She stood under the spreading branches of the grand old oak in front of the hacienda, watching her husband make his way through the crowd towards her. Unconsciously, she smoothed non-existent creases from her lavender silk skirt, and tucked a stray wisp back into the elegant upsweep of her dark brown hair. She watched him move slowly through the sons and daughters, grandchildren and friends, light heads and dark, accepting a kiss here, stroking the dark head of a child there. He presented a fine figure in his new suit, hair and mustache neatly trimmed, touched by a few gray hairs that only hinted at his age. Her husband reminded her of his late father, though they had no particular feature in common. There was something about his bearing which conjured a clear picture of the old man. She realized her husband must be about the same age his father was when the brothers first arrived at the ranch. Now here he is: the patriarch, the man everyone goes to for advice, the wise leader who reigns over this bountiful land.
She wondered, "Do all these people only see a strong man, still spry and handsome, powerful and full of vigor? Or can they see the gray hairs as evidence of each unhappy event which put them there?"
She noted his cravat looked worse for wear, and the gold pin stuck in it was a little crooked.
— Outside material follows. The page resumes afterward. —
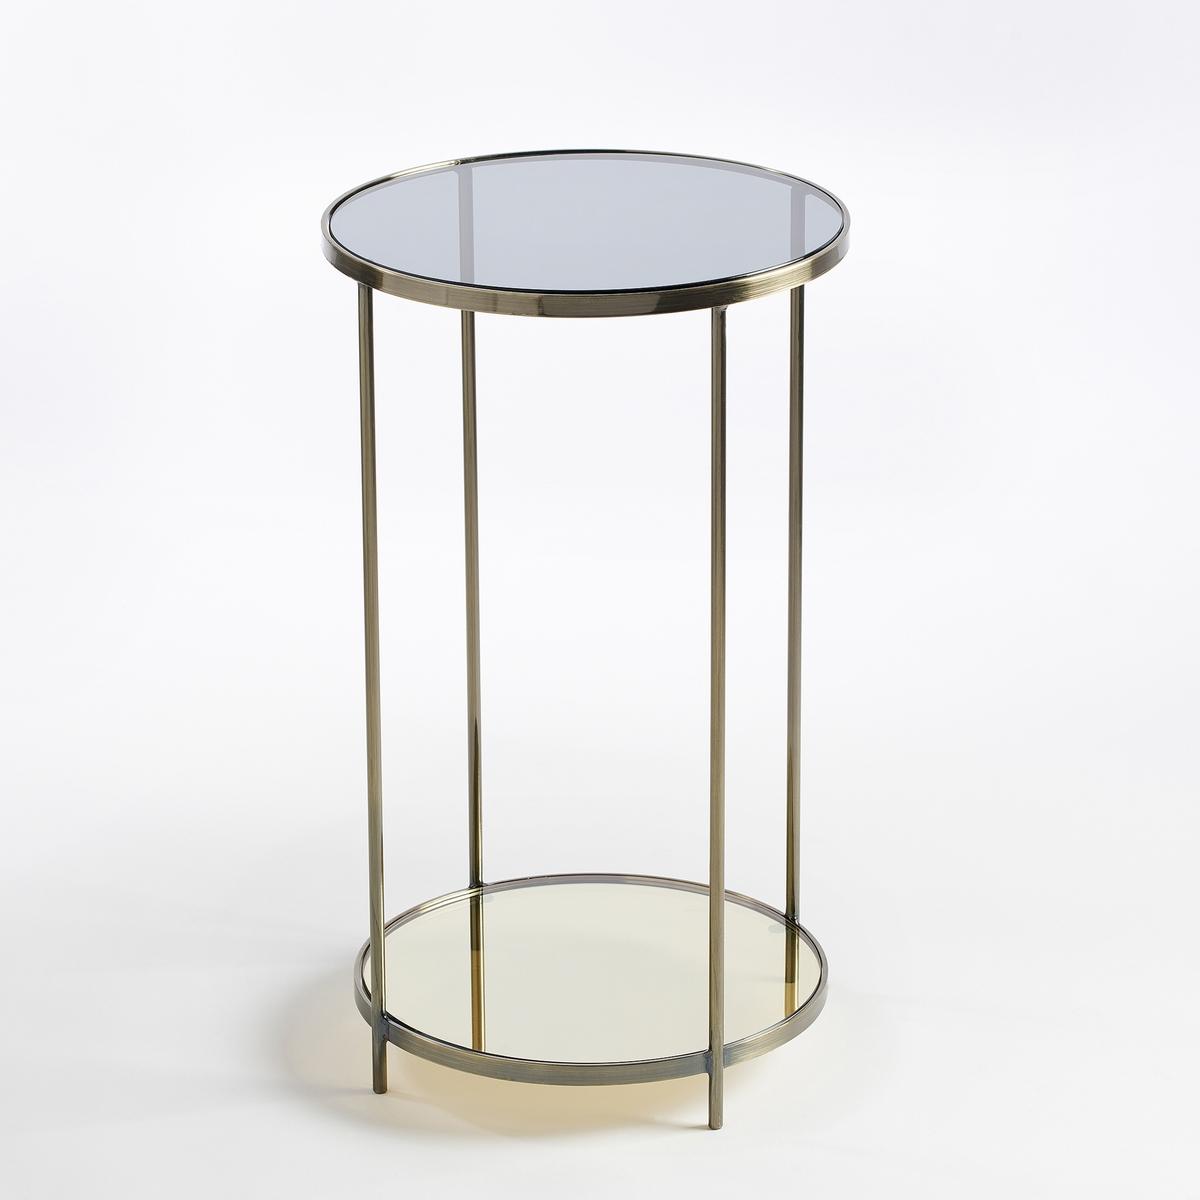 Тумба La Redoute Прикроватная круглая - журнальный столик Ulupna из остаренной латуни единый размер золотистый

Apparently her husband had won what must have been quite a struggle with the silk tie. He had insisted he could do it on his own, so she had left him to his own devices and gone down to the gathering.
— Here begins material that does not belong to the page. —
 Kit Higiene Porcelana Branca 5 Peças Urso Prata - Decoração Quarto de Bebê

Now he was searching for her amongst the people gathered on the patio. When he finally found her face, he smiled and moved to her side. He took her hands in his, transporting them both back to the day twenty-five years ago when they had vowed to belong to each other.
'Til death do us part. 'Til death of all three of us, I think.
She raised her face to accept his kiss, surprised at the amount of passion he put into it, and looked into his blue eyes. They were as bright as when she had first seen him, getting off that stage, standing next to the young man he would learn to call brother. Beautiful blue eyes. At least some things never change.
As I look into my husband's eyes, I see not only his love for me, deep and abiding, but admiration and promise. Then something subtle passes across his countenance, like a shadow cast by a quick-moving cloud. When I look into those cherished blue eyes I see them change and suddenly realize that I see much more than the man I married. I see a lifetime of choices and regrets and the consequences of our actions. I see his brother in them, and when I do, it's as if, just for a moment, my husband is no longer standing beside to me. His brother takes his place, standing there, smiling down at me with that look in his eye that tells me not to take him so seriously.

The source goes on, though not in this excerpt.